Нет, фофудья фофудьей, а здравое прозвучало. Стоило собраться хотя бы ради того, чтобы кто-то сказал в мегафон, что виноваты больше всех не те, кто делает аборты, а те, кто их защищает. Или что если у вас в подъезде живет абортмахер, можно не делать вид, что это нормально: точно так же, как если бы в подъезде жил маньяк.

В целом ощутил – явственно, наконец – какое-то растерянное джон-коннорство. Светского пролайфа нет, и его, черт возьми, надо быстро придумать. Я просто не понимаю, для кого весь этот молитвенно-бденный молибденовый каркас. Православные – они и так православные, то есть ни в каком особом тимбилдинге, думаю, не нуждаются, а вот прочие видят в этом только междусобойчики не самой популярной из субкультур. Конечно, хер с ними с теми, кто прогрессивен на всю голову, но ведь это такая же субкультура, которая, однако, лучше умеет растворяться и прикидываться ванильным голосом публики. С Богом нас, может быть, большинство, но, простите за вольность, одно дело большинство, а другое – кворум.

Но вот из Перми, где всё сделали немного по-другому, пишут, что прошло офигенно, именно в плане того, как народ воспринял. Подробностей бы, подробностей.

29 марта 2009 г.

Контент-анализ

Я – ребенок, не родившийся на свет.
Я – безродная душа по кличке Нет.

Третий пеон – размер традиционно балалаечный («вдоль по улице метелица метет»), но допустим, высокого штиля замысел не требует, внушительной интонации – тоже. Однако уже во второй строке автора пробивает на бардовщину. Даже почти на блатняк, если не считать этой клички Нет, типичной подгитарной бессмыслицы, принимаемой за поэтизм. Хорошо, хорошо, не будем вообще разбирать это как стихи: вопрос остается. С чего бы невинно убитому ребенку называть себя безродным носителем клички? «Ночью я родился под забором, урки окрестили меня Вором» – манера совсем иного лиргероя. Который мало того что успел немало хлебнуть, но и сам насовершал неприглядного. Сравним блейковского «Черного мальчика», который говорит, что он черный, но душа его бела – год был 1789, политкорректности не было, и то, в схожей ситуации беря на себя вольность говорить от имени кого-то (условно) бессловесного, Блейк не скатывает лиргероя в самоуничижение. Он признаёт свою обделенность, да, но при этом воздает себе должное по справедливости. Здесь же анонимный автор заставил убитого ребенка комплексовать.

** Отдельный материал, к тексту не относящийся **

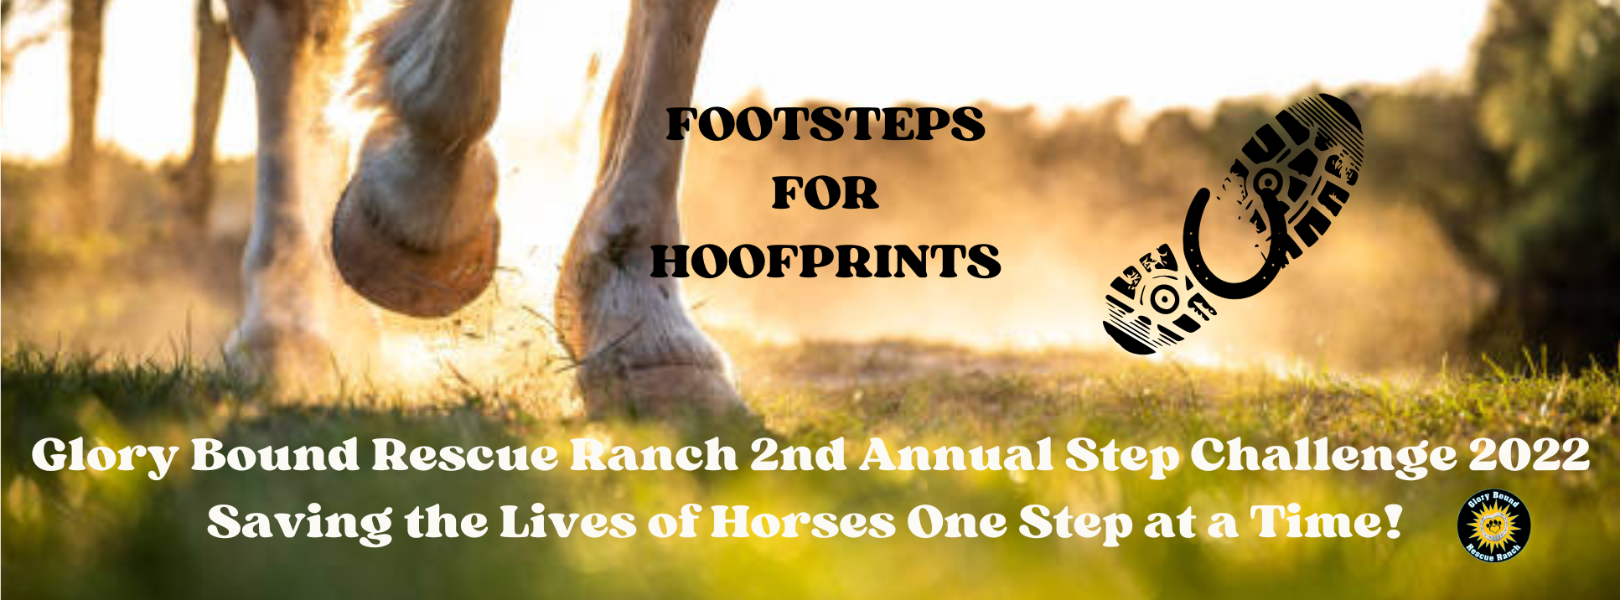 Footsteps for Hoofprints 2022

Я – колючий холодок в душе врача.
Узелок, людьми разрубленный сплеча.

Сплеча? Превращение аборта в хирургическое харакири лично я бы только приветствовал, но там на самом деле все медленно, внимательно, сначала одну ручку отрежем, потом другую... Тем не менее, при замене «узелок живой, разрубленный сплеча» двустишие было бы вполне сносным. А так получается противопоставление узелка людям. Ну здрасте, и тут «комок клеток».

Пусть же будет вам легко, отец и мать,
Жить, как все, и ничего не понимать.

А вот это уже окончательно превращает агитку в прочойсерскую. На представлении, что «аборты делают все», собственно, держится вся проклятая конструкция. У автора явно вкралось тут христианское желание наставлять заблудших, но вместо этого он благополучно дал детоубийцам общественную санкцию. «Ничего не понимать» – тоже мимо кассы. Делающие аборты как раз слишком много «понимают», воображают себя принимающими трудное ответственное решение – потому что «ребенок должен быть желанным», потому что «распоряжаться своим телом», и прочее токсичное словоблудие.

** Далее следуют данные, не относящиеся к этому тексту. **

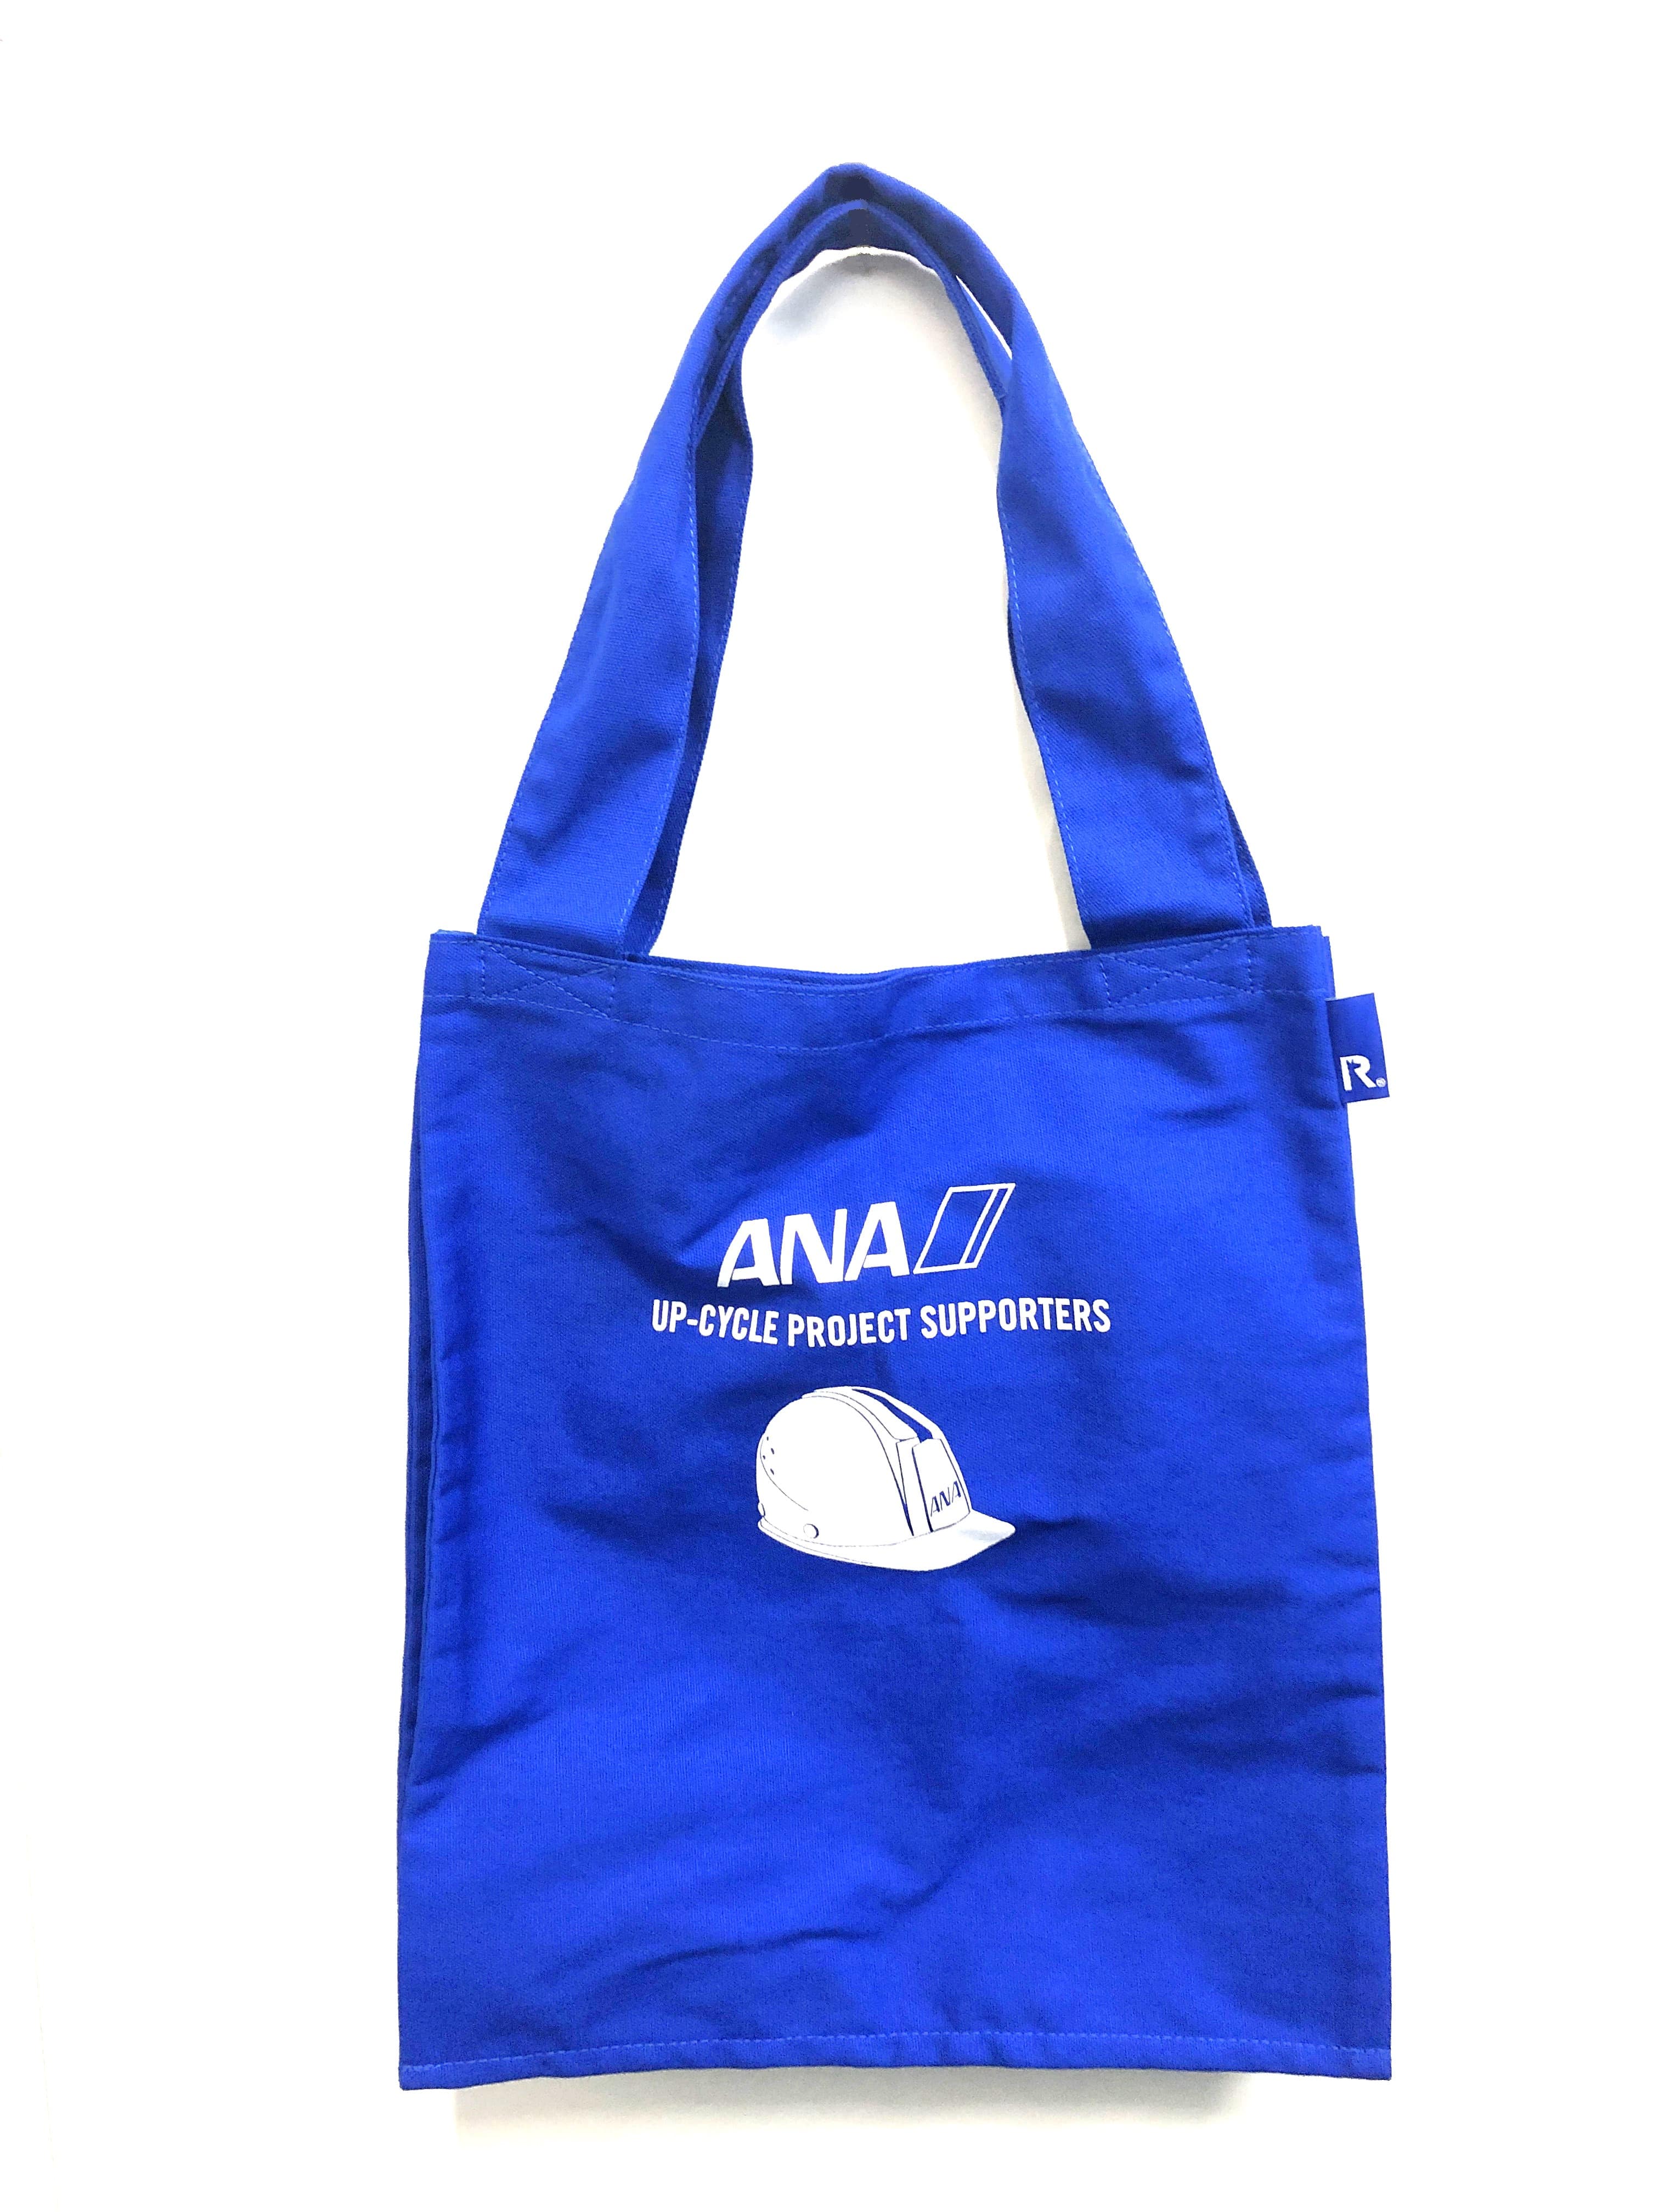 ANA アップサイクル トートバッグ 小 整備士 UP-CYCLE航空会社ANA

Все равно я вас люблю сильнее всех,
Даже если вы забыли этот грех.

Слив засчитан. Это уже наглость, в конце концов. Не факт, что абортированные дети, когда б могли, не завывали бы по ночам, не пили кровь родителей и не доводили их до самоубийства. Я бы точно не стал никого прощать. И был бы вправе. А «грех» – смешное слово. Все люди «грешны». Не все – убийцы.

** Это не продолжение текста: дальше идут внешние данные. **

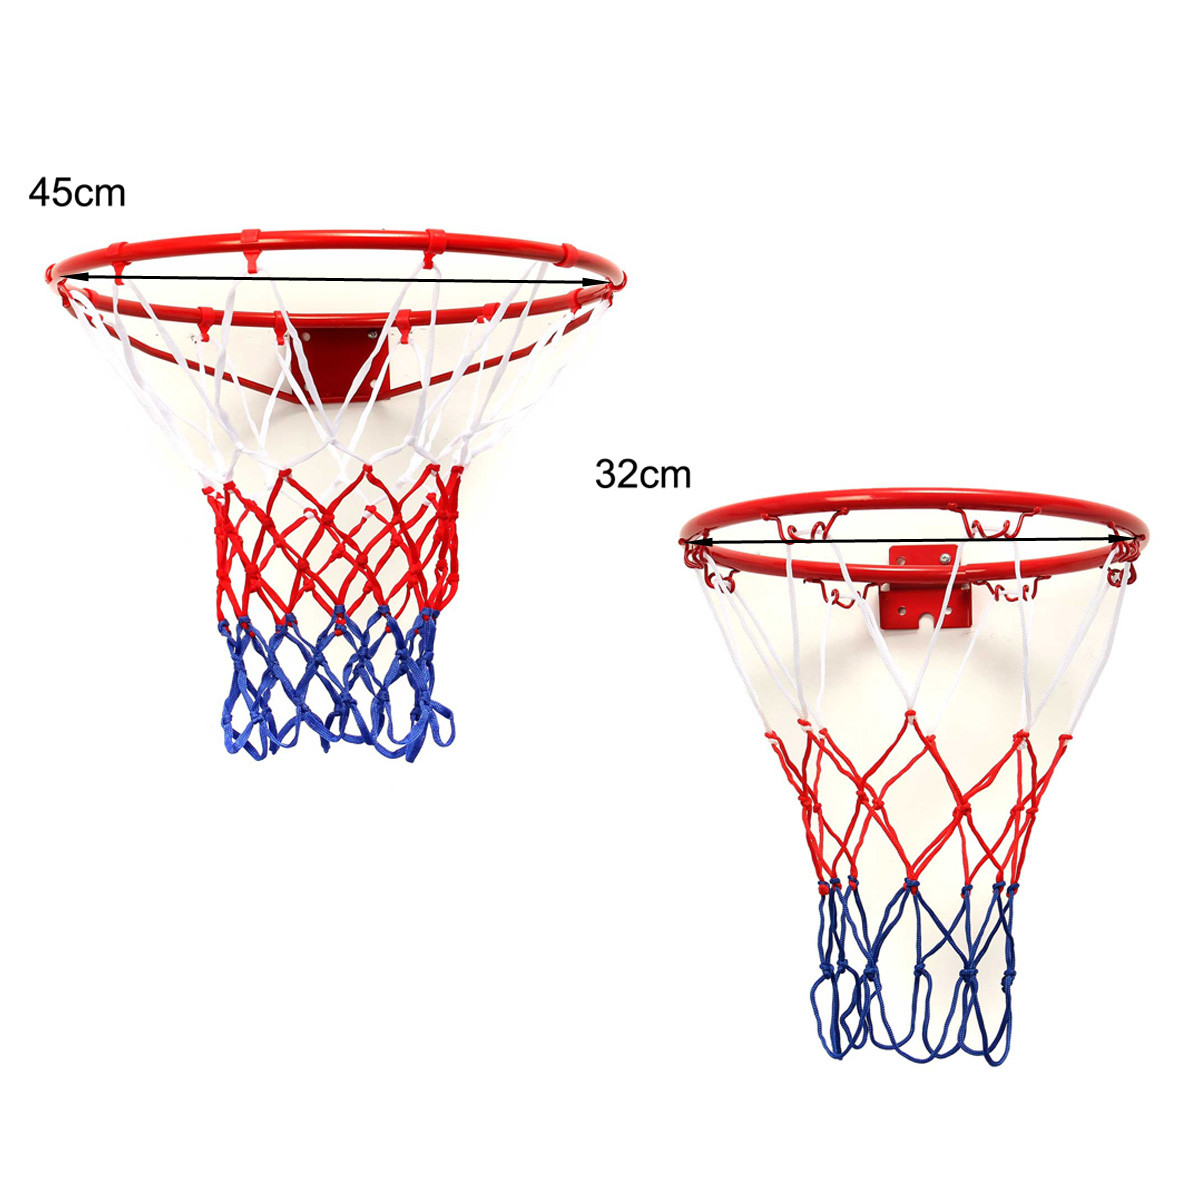 Wall-Mounted-Hanging-Basketball-Goal-Hoop-Rim-Metal-Netting-1040840-6

Теперь давайте расслабимся и поржем.

Жуткая, подлая реклама. Реклама, бьющая под дых женщину, у которой не было выхода. Реклама, кричащая: ты лжешь, у тебя был выход, ты должна была родить, надо было плюнуть на свои желания, на свое возможное будущее счастье, какая же ты женщина, если могла отказаться от ребенка ради чего бы то ни было, нормальной женщине ребенок не может помешать, а если он помешал бы тебе, ты - зверь, не человек ты, слышишь, не человек, ты, любая, сделавшая хоть один в жизни аборт!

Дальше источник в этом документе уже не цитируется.